Para se evitar tamanha injustiça, cumpre tomar-se, ab initio, medidas constritivas incidentes sobre os bens de todos responsáveis pelo ressarcimento, sujeitando-os aos efeitos da sentença que vier a ser prolatada.

A corrente moderna do Processo Civil, preocupa-se muito mais com a praticidade e utilidade das medidas judiciais, do que com os excessivos rigores formais, que de resto só atravancam o desenvolvimento da técnica processual.

O Direito Processual não mais se apraz com a simples composição da lide por meio da cognição. Mais que isso, preocupa-se com a efetiva satisfação do crédito ou da pretensão estampada na petição inicial.

Em veras, a prestação jurisdicional não está completamente entregue com o julgamento de mérito, eis que o réu poderá opor-se aos efeitos da condenação, restando ao autor apenas o direito de promover a execução da sentença. E ainda aqui, se o executado não possuir bens suficientes para a satisfação do crédito, todos os esforços envidados pelo autor serão inúteis, apesar de ter realizado inúmeras despesas para resgatar o crédito, tais como o desembolso de custas judiciais e honorários advocatícios. Isso sem contar o desgastes e gastos feitos pelo próprio Estado para alcançar tal desiderato tão frustrante.

Portanto, mister se faz a indisponibilização de todos os bens existentes em nome da Empresa Auto Peças Chacha Ltda., de seus sócios-proprietários e das esposas destes. Com esta medida, garante-se, antecipadamente, o resultado útil do processo, sem o risco de se pleitear um provimento inócuo ante a escassez patrimonial. Com efeito, o conjunto de bens registrados em nome dos responsáveis pela recomposição dos danos é, provavelmente, assaz vultoso e capaz se fazer frente às indenizações pleiteadas.

O Código Buzaid perfilhou com afinco esta nova tendência processual, conferindo ao magistrado, diante de um caso concreto e em hipóteses excepcionais, certa dose de liberdade para adotar as providências necessárias à garantia do regular deslinde do processo e da efetiva outorga da prestação jurisdicional, com a conseqüente entrega do bem da vida. Trata-se do Poder Geral de Cautela, prerrogativa conferida ao juiz, em função do múnus público que desempenha na relação processual.

O Poder Geral Cautelar do juiz atua como um poder integrativo da eficácia global da atividade jurisdicional. Se esta tem por finalidade declarar o direito de quem tem razão e satisfazer esse direito, deve ser, e o é, dotada de instrumentos para a garantia do direito enquanto não definitivamente julgado e satisfeito.

Através deste poder, o magistrado adota, de plano, as medidas imprescindíveis para garantir a eficácia de futura sentença de mérito, primando pela presteza e pela efetividade da tutela jurisdicional. Aliás, muito injusto seria o Direito Processual, caso não se concebesse tal idéia.
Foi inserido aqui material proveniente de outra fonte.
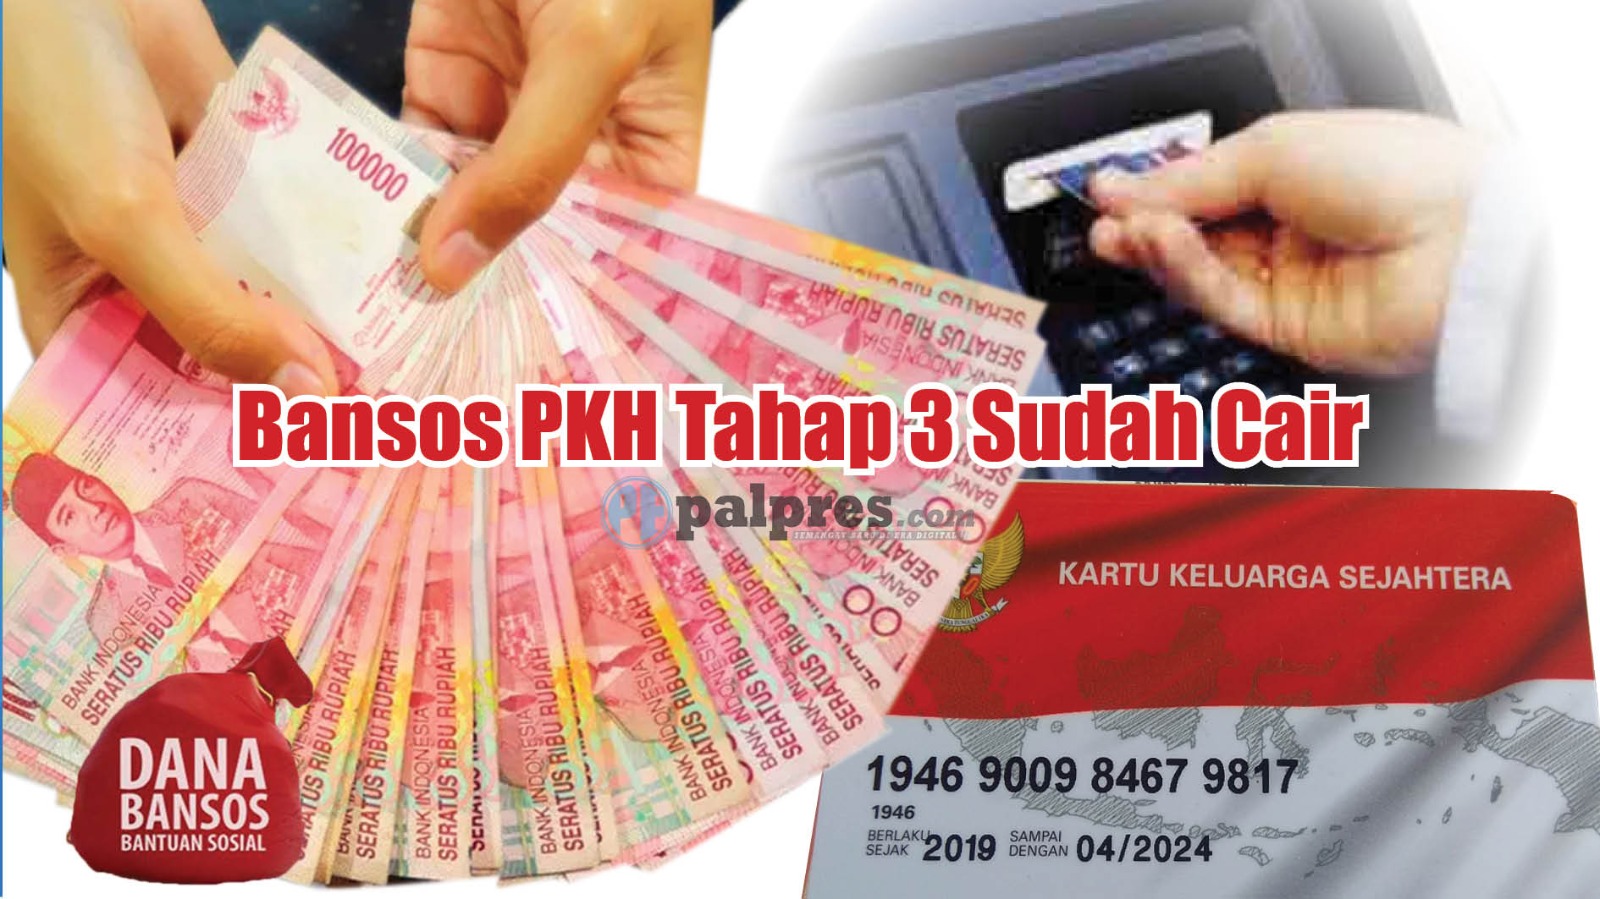 Bansos PKH Tahap 3 Sudah Cair, Cek Daftar Daerah Penerima di Sini!

Assim, na concessão de liminares, antecipações de tutela, ou medidas cautelares, o critério que o magistrado deverá levar em conta, mediante um juízo de certa forma discricionário, é a garantia de eficácia da decisão que vier a ser proferida, ou seja, a garantia de um resultado útil, o que pode ser aquilatado por dois requisitos fundamentais: o fumus boni juris e o periculum in mora.

A indisponibilização dos bens registrados em nome dos réus constitui medida imprescindível ao sucesso da demanda, tendo-se em vista o perigo existente na eventual espera pelo provimento jurisdicional definitivo. O desfecho de qualquer litígio judicial demanda tempo, havendo assim fundado receio de danos aos consumidores. Ademais, no caso vertente, mesmo com a decretação da procedência do pedido, os consumidores poderão ficar sem obter qualquer ressarcimento, já que os réus poderão, a qualquer tempo, desfazer-se de seus pertences, frustrando os escopos instrumentais do processo.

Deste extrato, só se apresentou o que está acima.